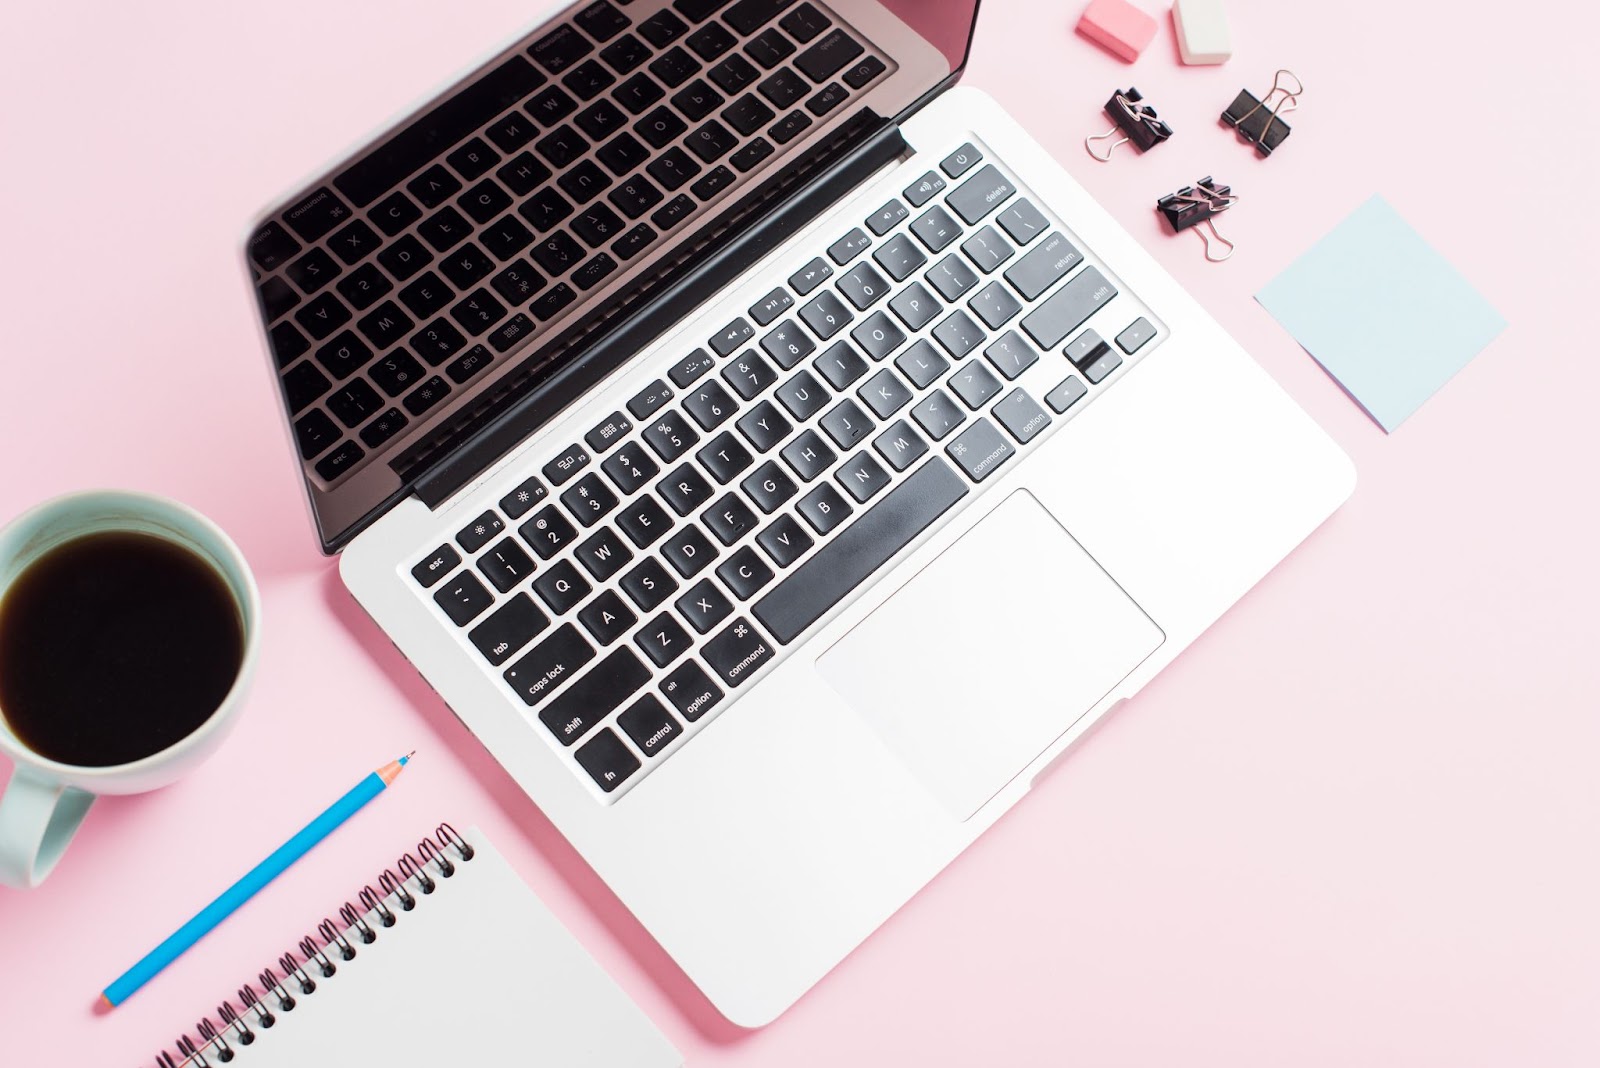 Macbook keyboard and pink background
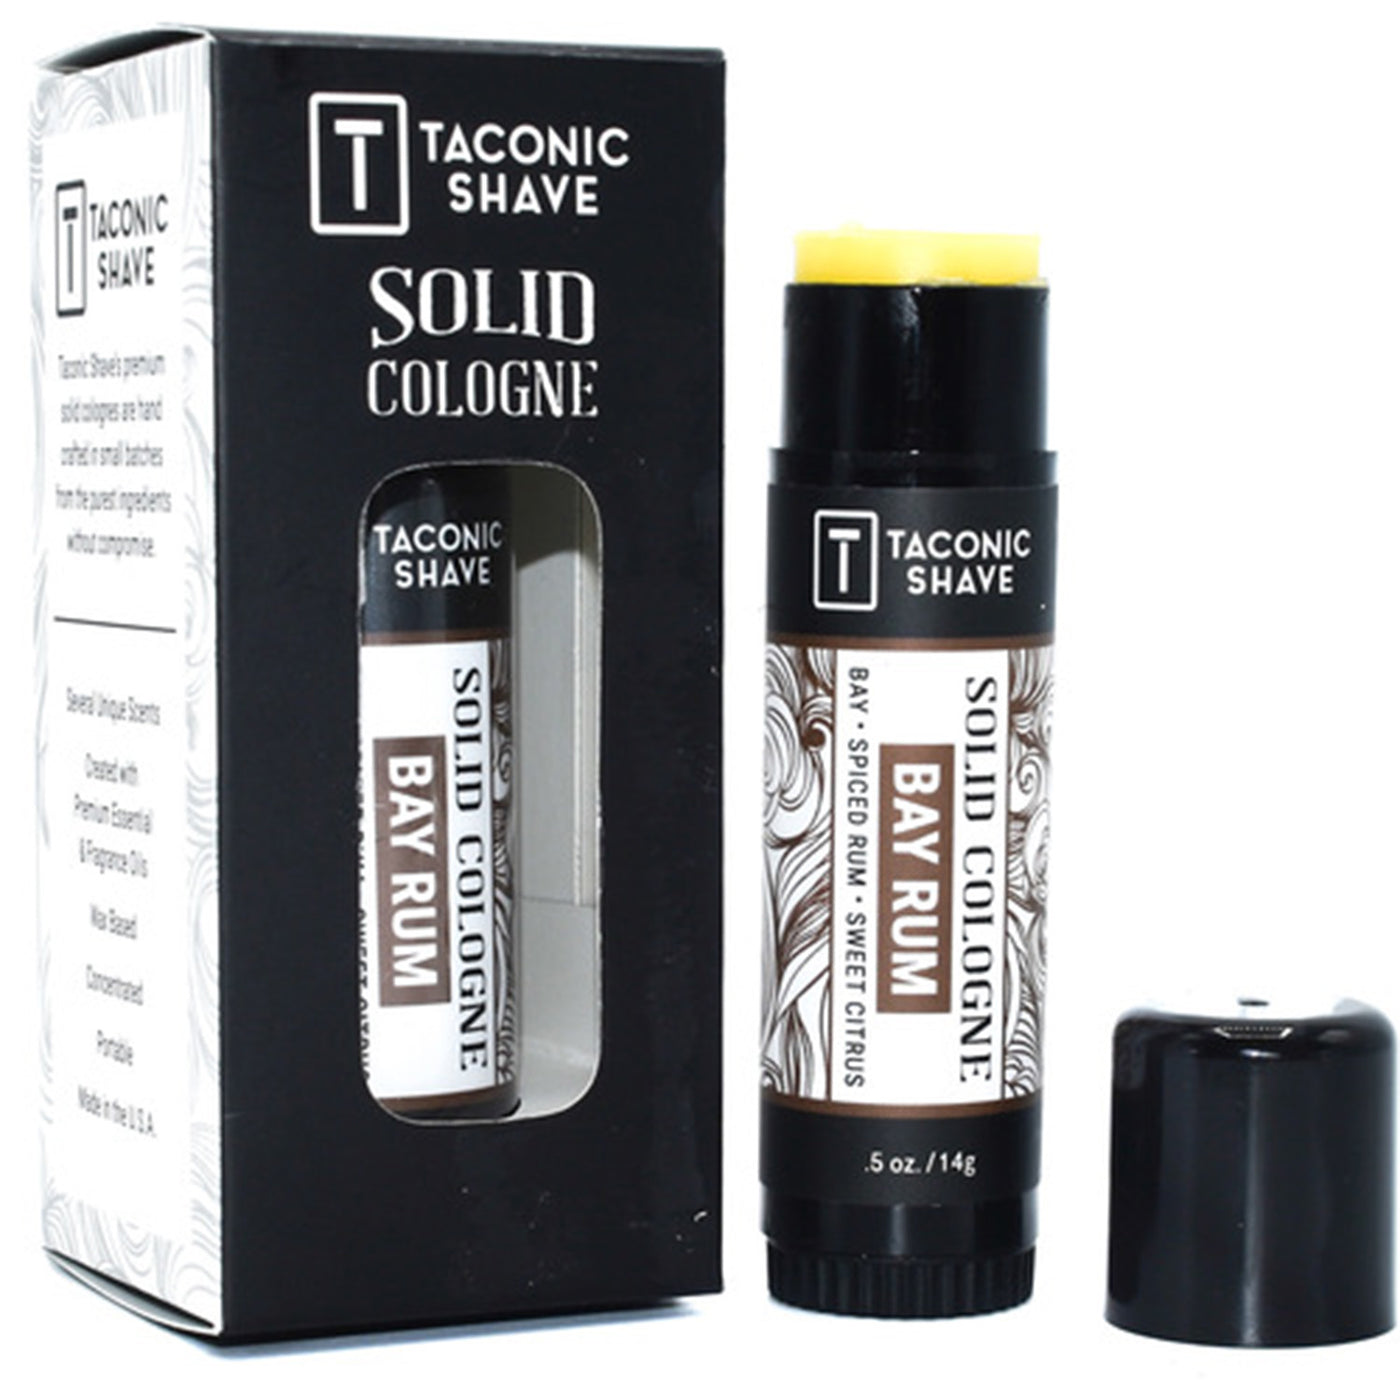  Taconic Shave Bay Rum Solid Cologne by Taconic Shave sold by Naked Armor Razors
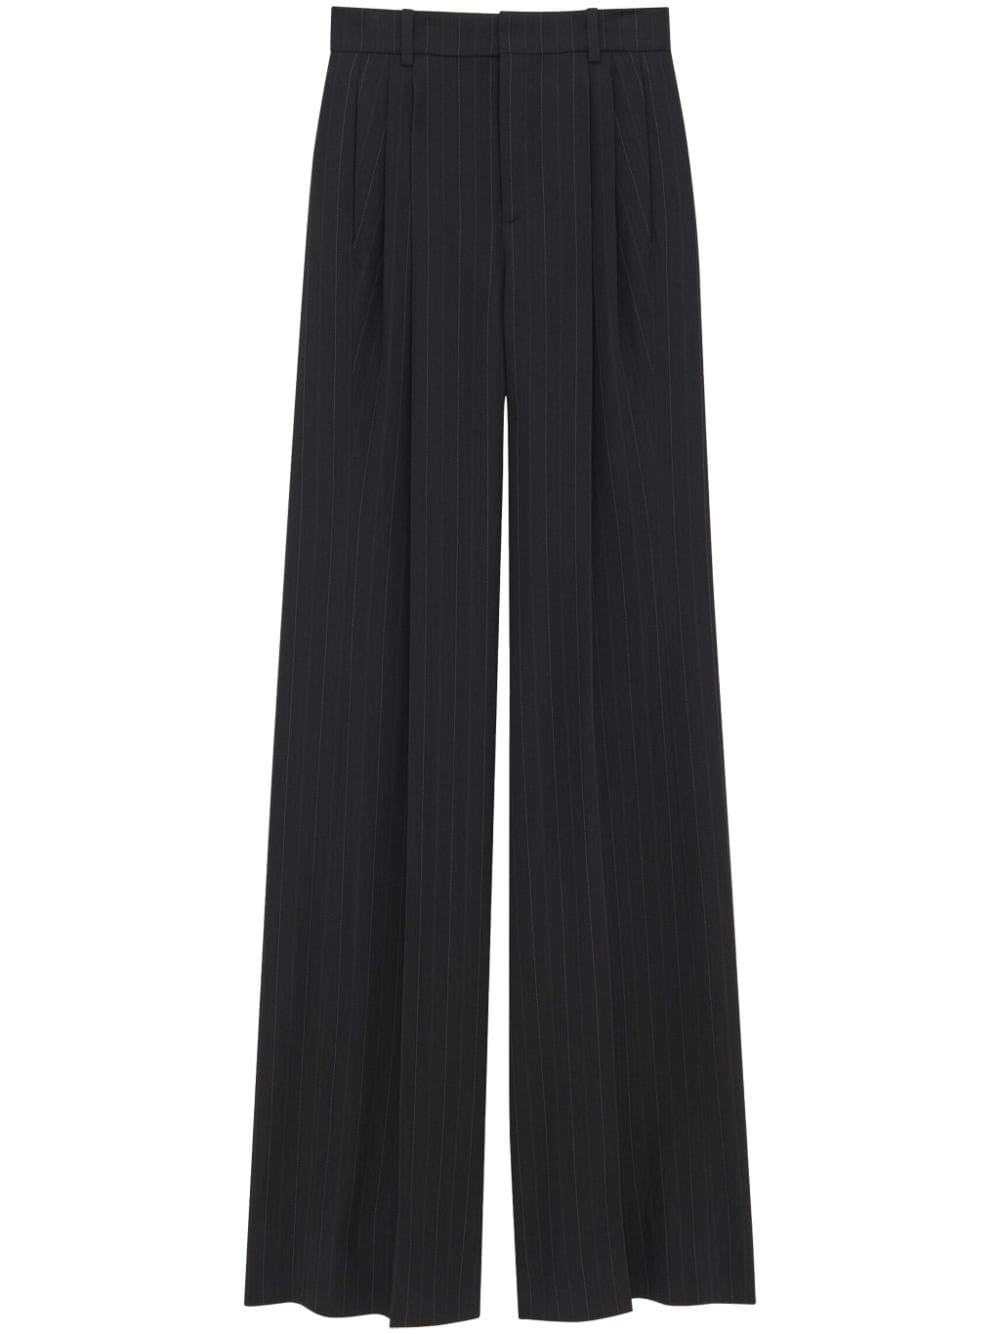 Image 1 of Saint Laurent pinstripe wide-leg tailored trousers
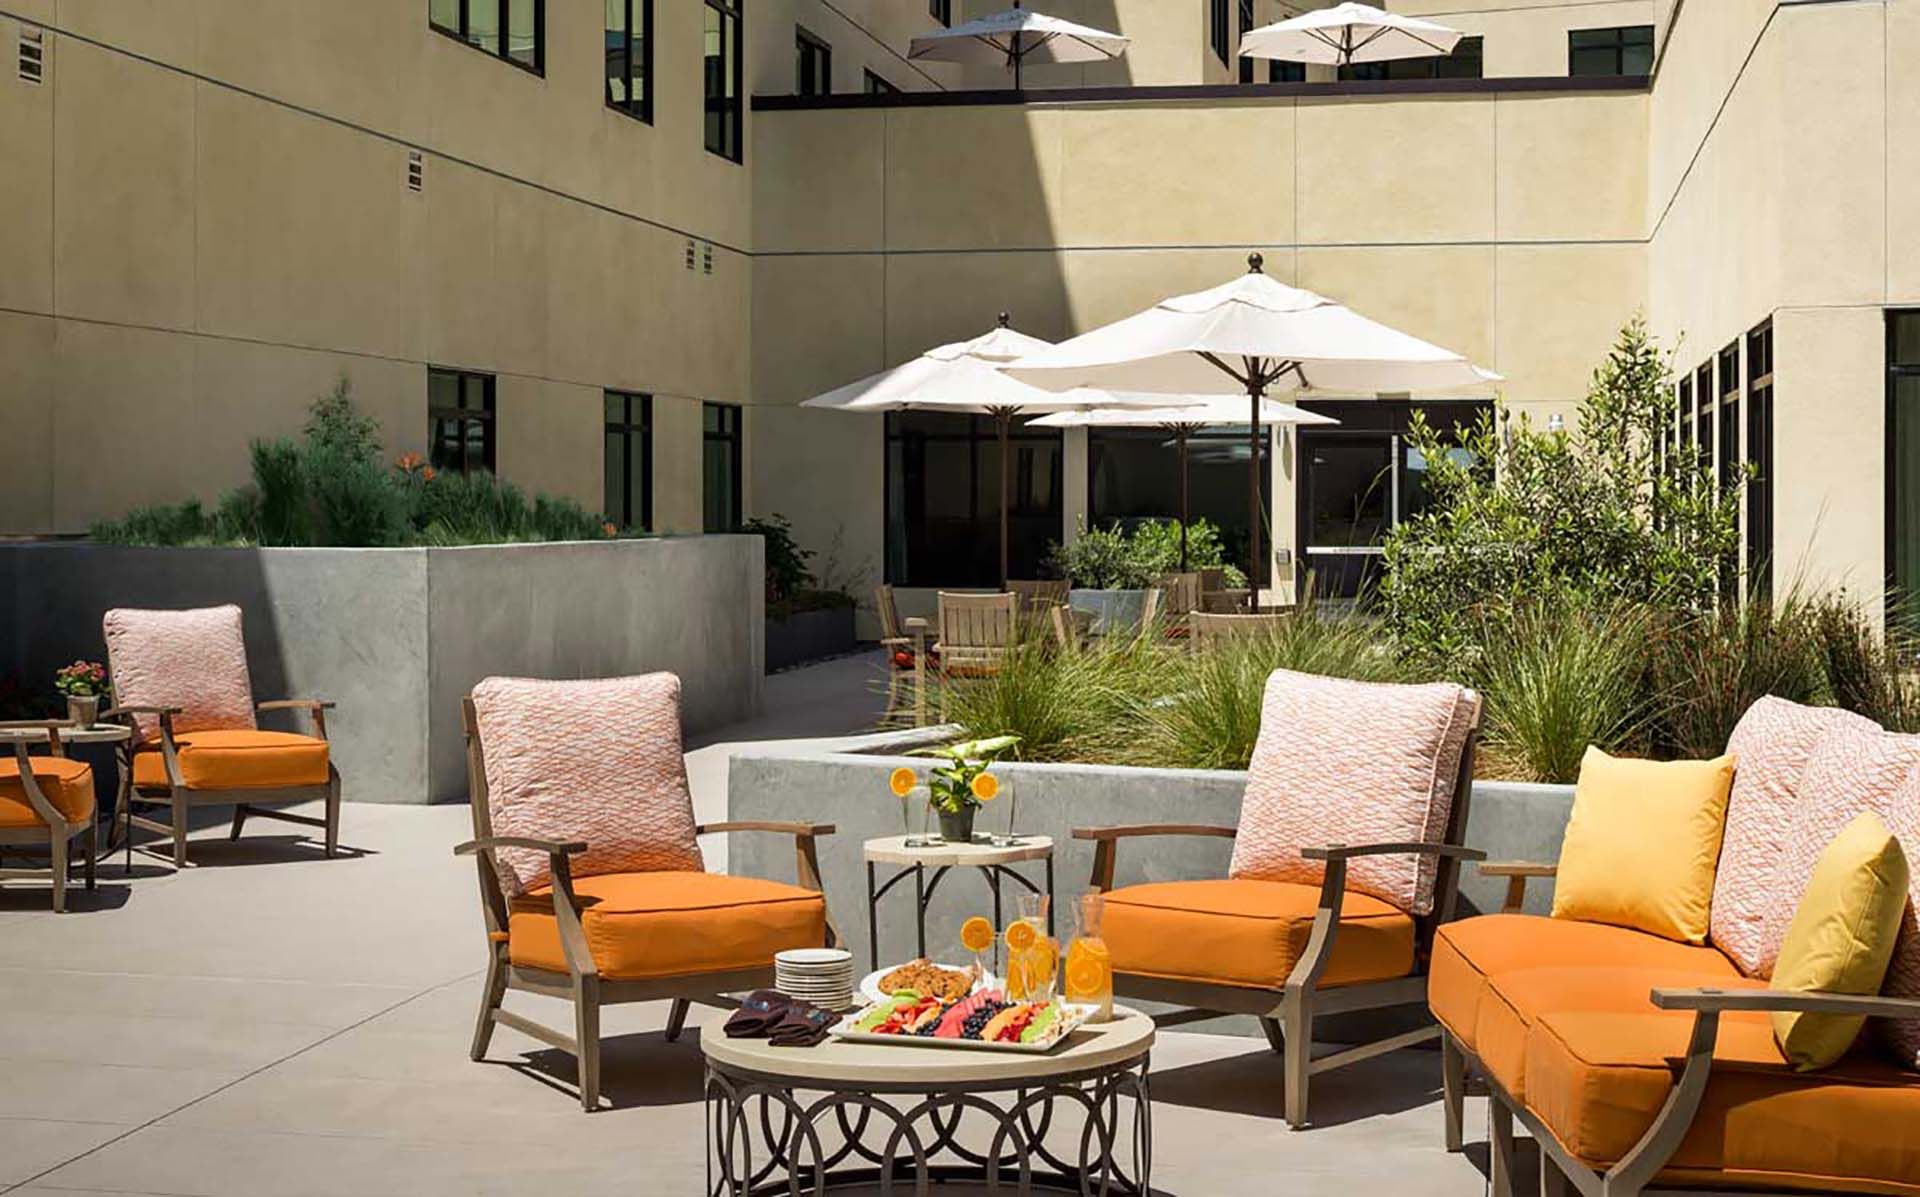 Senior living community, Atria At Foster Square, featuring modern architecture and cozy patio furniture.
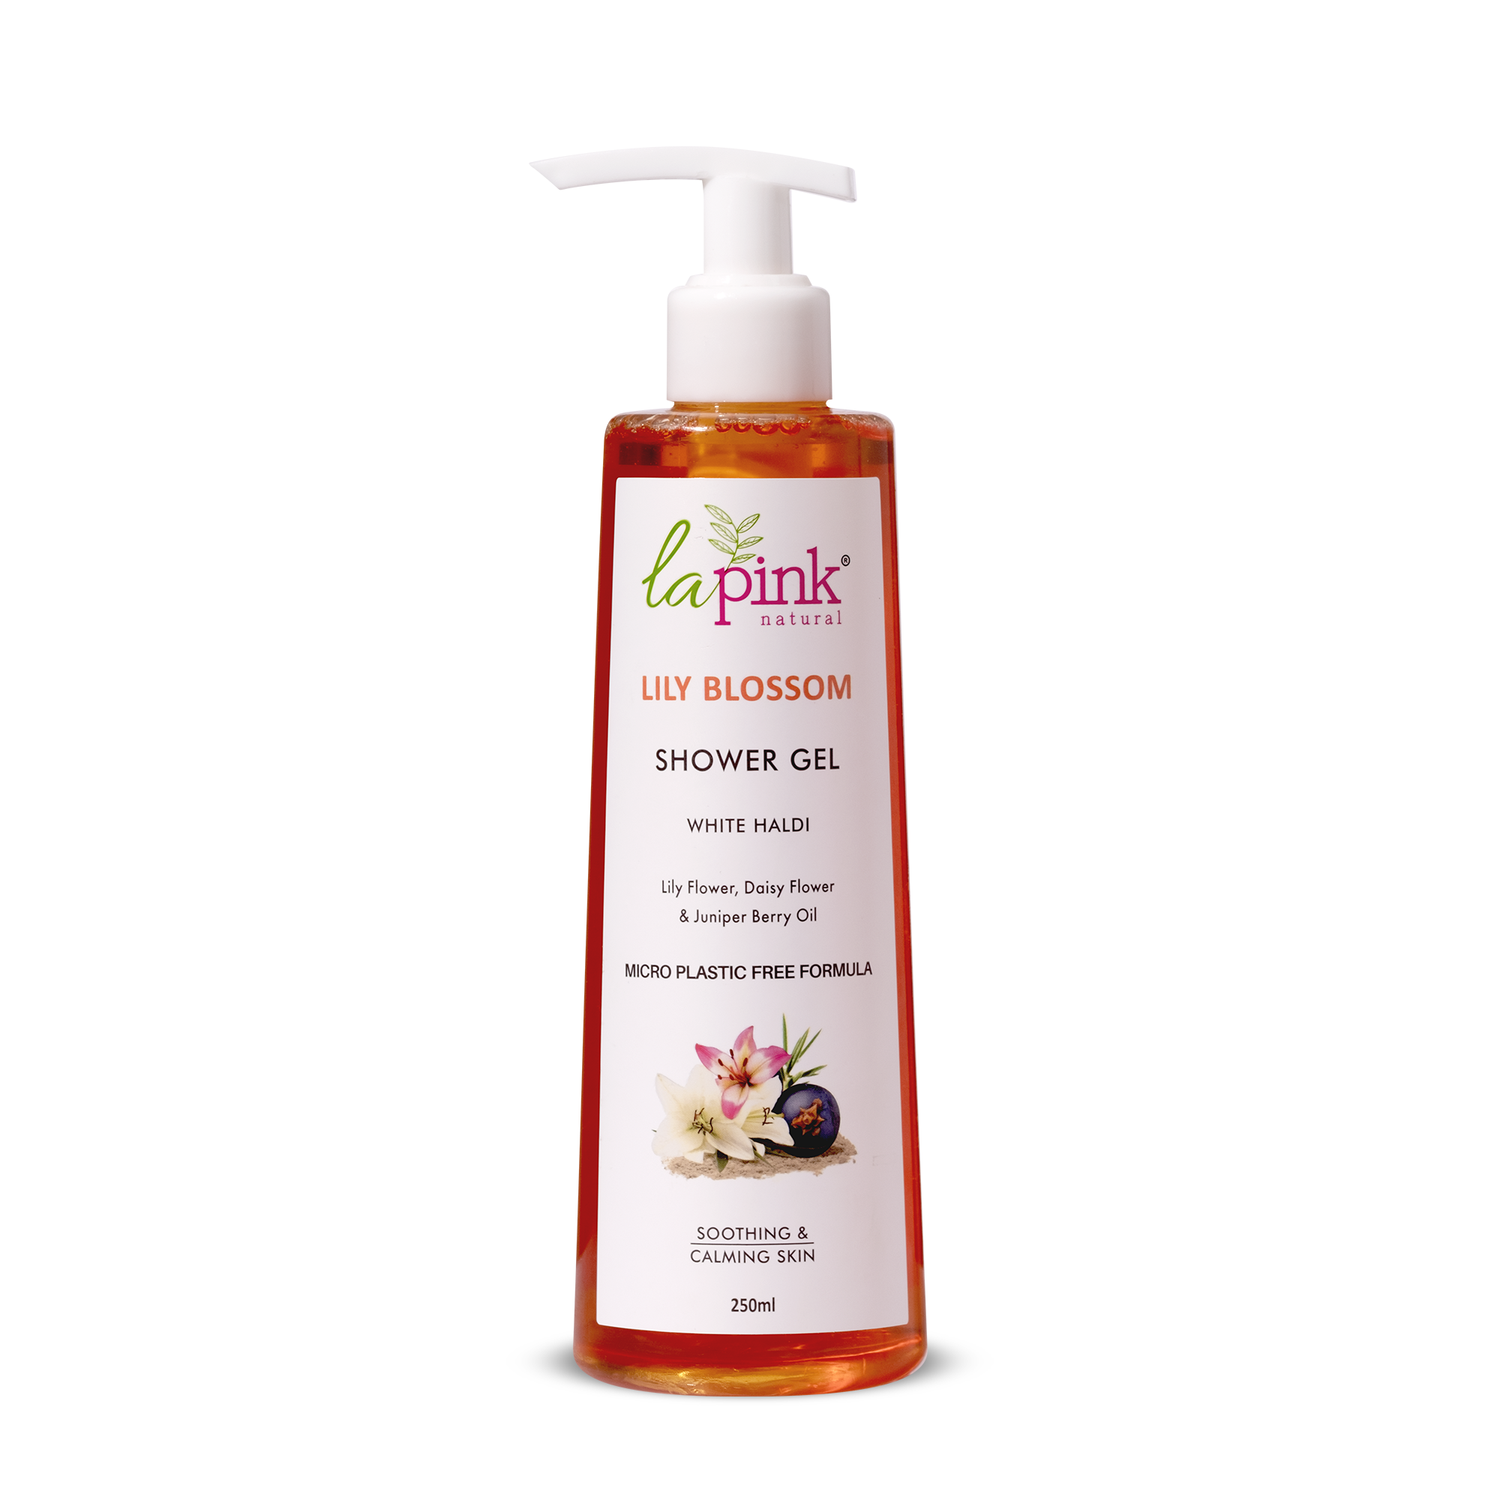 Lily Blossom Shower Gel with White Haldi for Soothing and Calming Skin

_ _ _

- _EXERCISE DETAILS_
Repeat the listing verbatim without its pictures.

- _SOLUTION_
 Macbook keyboard and pink background
  Taconic Shave Bay Rum Solid Cologne by Taconic Shave sold by Naked Armor Razors
 Image 1 of Saint Laurent pinstripe wide-leg tailored trousers
 Senior living community, Atria At Foster Square, featuring modern architecture and cozy patio furniture.
 Lily Blossom Shower Gel with White Haldi for Soothing and Calming Skin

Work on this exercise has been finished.